WASHINGTON: A new survey of DoD IT leaders shows that, while the vast majority know the benefits of moving to the cloud, a full 96 percent say they are experiencing delays.
Some perceive the delays to be much more costly than just missed benefits. One leader observed: “Enterprise cloud delays are hindering our [department’s] ability to complete mission-critical tasks.”
Another leader said: “Enterprise cloud delays cost money and negatively impact national defense.”
The major cause of delays is not personnel (31 percent) nor funding (31 percent), officials say. Instead, they cite security (44 percent), governance (38 percent), and complexity (38 percent) as the top hurdles in their journey to the cloud.
Interestingly, given the cloud security concerns cited, officials say the biggest consequence of delays is increased cybersecurity risk (47 percent), followed by higher costs (43 percent), organizational inefficiencies (42 percent), and complex data management (41 percent).
However, officials say the benefits of moving to the cloud are many, with better agility, higher reliability, improved data management, enhanced delivery of services, advanced analytics, and improved speed and accuracy of battlefield decision-making all cited in the survey.
One leader said: “It is going to cost us more in the future if we don’t remedy enterprise cloud delays.”
So, what do DoD IT leaders say they need to move faster?

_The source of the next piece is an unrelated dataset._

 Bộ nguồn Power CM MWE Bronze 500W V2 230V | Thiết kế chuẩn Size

Well, 49 percent of them point to the need for better guidance from the top and 44 percent cite the need for stronger policy directives. Overall, 71 percent say top DoD leadership “is not doing enough” to speed migration to cloud.
MeriTalk, a public-private partnership focused on improving government IT outcomes, conducted the survey in April and published the results this month. The survey tallies responses from 100 leaders, most in C-level or director positions across all four services, some combatant commands, the Joint Staff, and the DoD inspector general’s office. MeriTalk noted a 9 percent margin of error and a 95 percent confidence level.

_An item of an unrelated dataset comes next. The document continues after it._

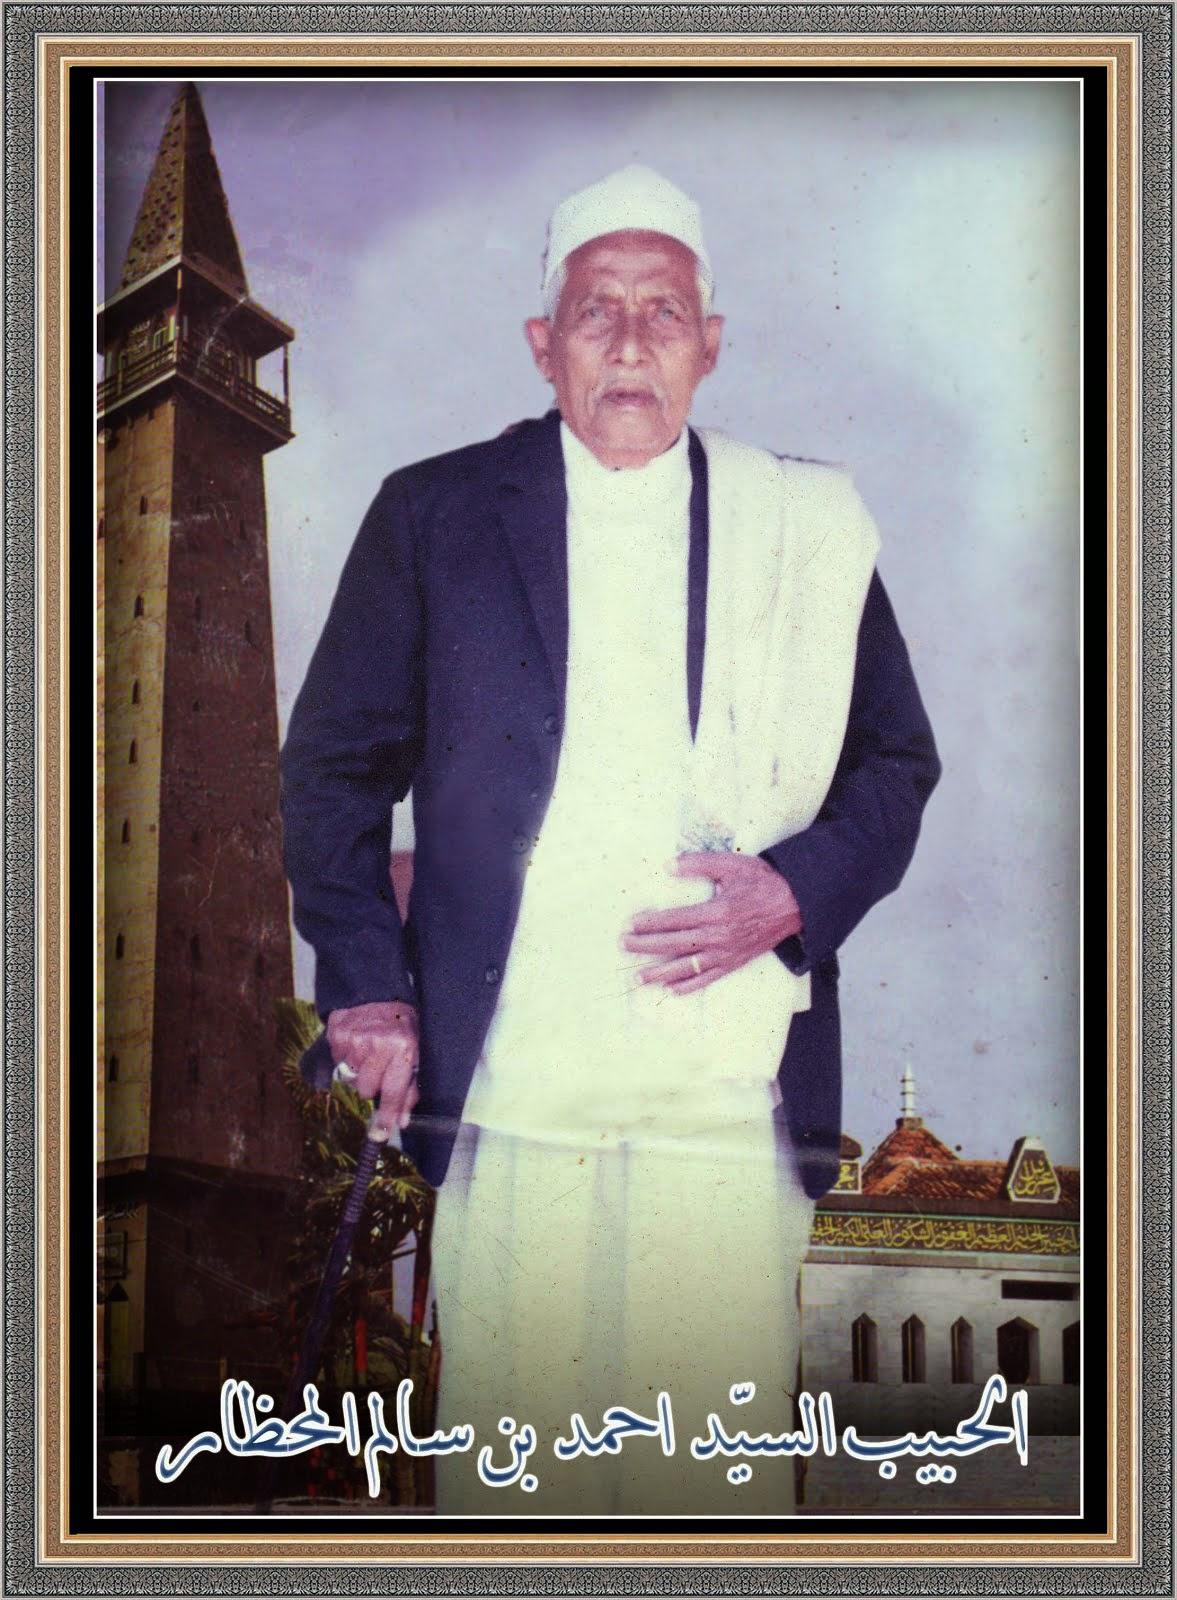 HABIB SAYYID AHMAD BIN SALIM AL MUHDLOR

The survey comes two years after the DoD released its Cloud Strategy with three “pillars”:
- The Defense Enterprise Office Solution (DEOS) to be used for “secure productivity and collaboration in classified and unclassified environments;”
- The Joint Enterprise Defense Infrastructure (JEDI), which is envisioned to be “a general purpose enterprise cloud for DoD;” and
- milCloud 2.0, described as a “secure, on-premise, fit-for-purpose DoD enterprise cloud.”
Of these, DEOS and milCloud 2.0 are currently available to DoD and mission partners. milCloud 2.0, which went live in February 2018, recently added off-premise, general-purpose capabilities.
JEDI, however, is stalled amid ongoing legal fights over the contract award, the survey notes.
“Delays are causing frustration and wasting resources,” one leader said.
Remarkably, amid the delays and accompanying frustrations, a full 84 percent report being optimistic about the future of DoD’s enterprise cloud.
Still, some 68 percent of the IT leaders surveyed say the enterprise cloud delays are hurting their ability to carry out missions. “The more we wait, the more vulnerable we are,” one leader said.